Project 3.5: Global Alignment

We are taking a somewhat different approach to the Needleman-Wunsch algorithm than are St. Clair and Visick.

We are using Python instead of Perl (duh!).
- As is our standard practice, rather than writing a single program, we write separate procedures to handle the different parts of the problem.
Instead of building the directional table by post-processing the score table, we are building that table simultaneously.
- Instead of using the letters D, H, and V in that table, we are using the strings 'Mat' (for match), 'Del' (for deletion of an element from sequence 1) and 'Ins' (for insertion of an element into sequence 1; which also corresponds to a deletion of an element from sequence 2).
We provide some of the procedures and modifications they suggest you write.
- In constrast, we don't provide all of the features they include.
We make our alignment instructions from left-to-right, rather than from right-to-left.

Preparation

The file needleman-wunsch.py contains most of the procedures you will need to explore Needleman-Wunsch pattern matching. Make your own copy.

1. Basic Explorations

a. The procedure buildNWTables builds the two Needleman-Wunsch tables (scores and directional instructions). Run this procedure on the two sample strings from the reading (CACGTAT and CGCA).

>>> (values,directions) = buildNWTables('CACGTAT', 'CGCA')

Verify that you get the same tables as are represented by Figure 3.8 on p. 72. (These lists are not quite as conveniently represented, so you'll need to think a bit about them.)

b. The procedure oneAlignment takes the directions table from the previous procedure and a position in the table, and finds one set of alignment instructions. Use it to find one alignment of the two strings. Explain what the parts of the alignment mean. (Ask for help if you're not sure.)

c. Looking at Figure 3.8, make a list of all possible lists of alignment instructions for the optimal score.

d. The procedure allAlignments is supposed to find all of the alignment instructions from the directions table. Determine whether or not it finds the same set of alignments that you found.

e. The procedure showAlignment shows how to strings align, using a set of alignment instructions (as produced by oneAlignment or allAlignments). Test it with each of the alignments produced by allAlignments.

f. Rather than replicating these three steps (build the table, find the alignment instructions, show the alignment) by hand, we can combine them into a procedure. Write a procedure that does that for one alignment.

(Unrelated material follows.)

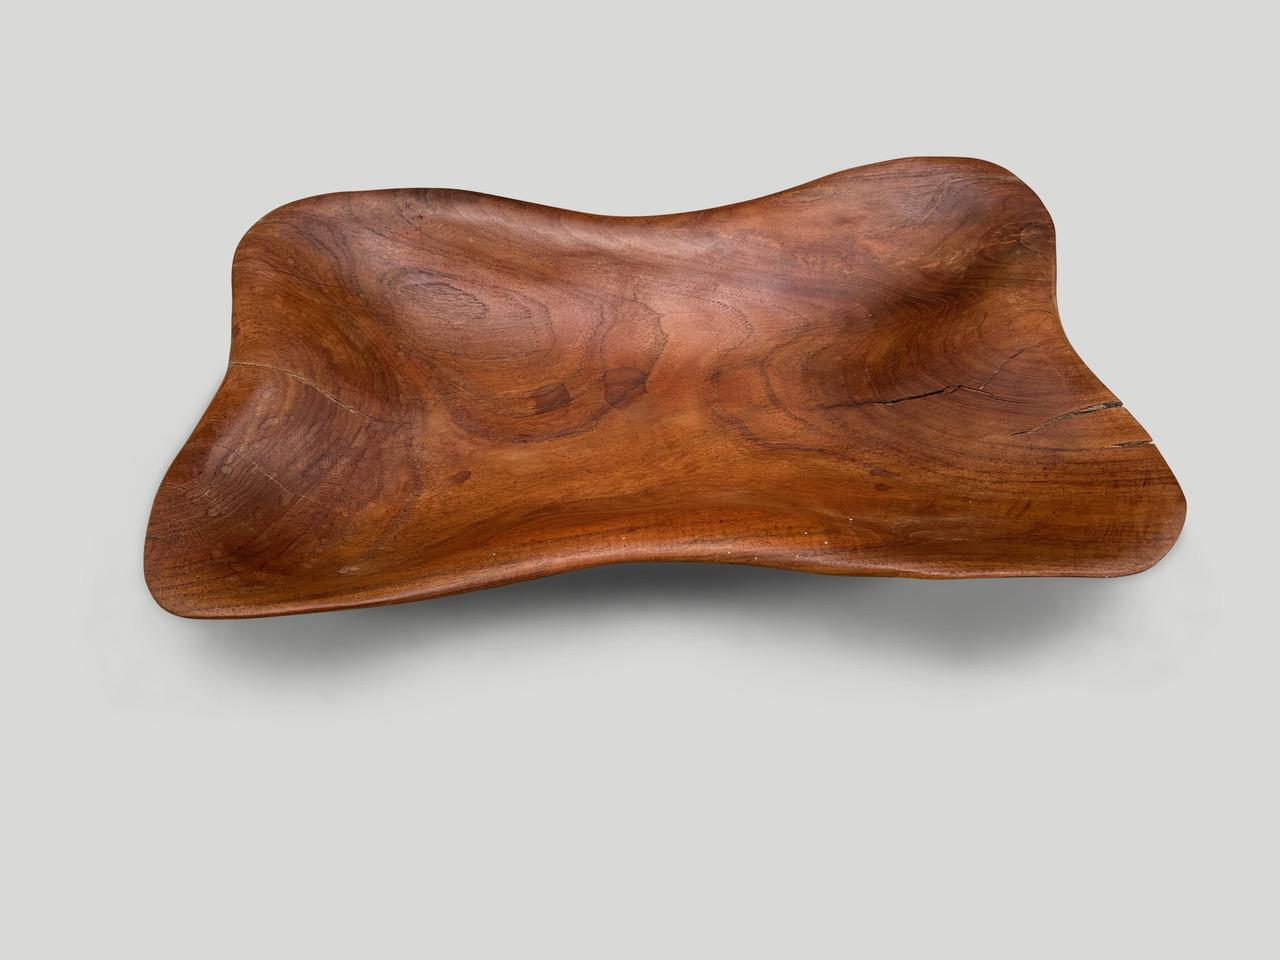 Minimalist teak platter or bowl hand carved from a single piece of reclaimed teak wood. Finished with a natural oil revealing the beautiful wood grain.

This bowl or platter was sourced in the spirit of wabi-sabi, a Japanese philosophy that beauty

g. We've written similar procedures called nw1 and nw2. Test both procedures on the sequences CACGTAT and CGCA. Then compare their code to yours.

2. Other Alignments

All the optimal alignments of the two sequences from the reading consist of only matches and deletions.

a. Find a pair of strings, each of length at least 4, in which an optimal alignment involves insertions (that is, we'll see a '-' in sequence 1 where there is a letter in sequence 2)

b. Find a pair of strings, each of length at least 4, in which an optimal alignment involves both insertions and deletions (that is, we'll see a '-' in both sequences).

3. Other Scoring Metrics

Right now, the scoring metric of insertions have a value of -1, deletions have a value of -1, mismatches have a value of 0, and matches have a value of 1 is hard-coded into the algorithm. But that's not the only scoring metric we may care to use. For example, we may want to give mistmatches a value of -1, or matches a higher value.

a. Rewrite the code so that it is easier to specify the values for insertions, deletions, matches, and mismatches.

b. Set up a metric in which insertion, deletions, and mistmatches all have a value of -1, and matches have a value of 1. Does this new metric affect how the algorithm aligns CACGTAT and CGCA? Does this new metric affect how the algorithm aligns your strings from the previous exercise?

c. Set up a metric in which insertion, deletions, and mistmatches all have a value of -1, and matches have a value of 2. Does this new metric affect how the algorithm aligns CACGTAT and CGCA? Does this new metric affect the how the algorithm aligns your strings from the previous eercise?

4. Sequences of Insertions and Deletions

You may not complete this problem. That's okay. Do your best to think about it.

As currently written, our algorithm makes the penalty for a sequence of insertions (or a sequence as deletions) a multiple of the length of the sequence. Frequently, it makes more sense to say that the basic step of inserting (or deleting) is expensive, but the length is much less important.

Rewrite the algorithm so that the cost of an insertion (or deletion) is independent of the length of the insertion (or deletion).

In computing the value, instead of looking at just the cells in the table immediately above and to the left (for insertion and deletion), you'll need to look at all the cells above and to the left. (This computation will make the algorithm much less efficient, but is necessary.)

Note that you'll need to put more information in the directions table. Instead of just 'Del' or 'Ins' you'll also need to note how many deletions or insertions to do.

Note that the process for extracting alignments from the table is a bit more complicated using this cost algorithm. Replace the allAlignments procedure with one that takes your new format into account.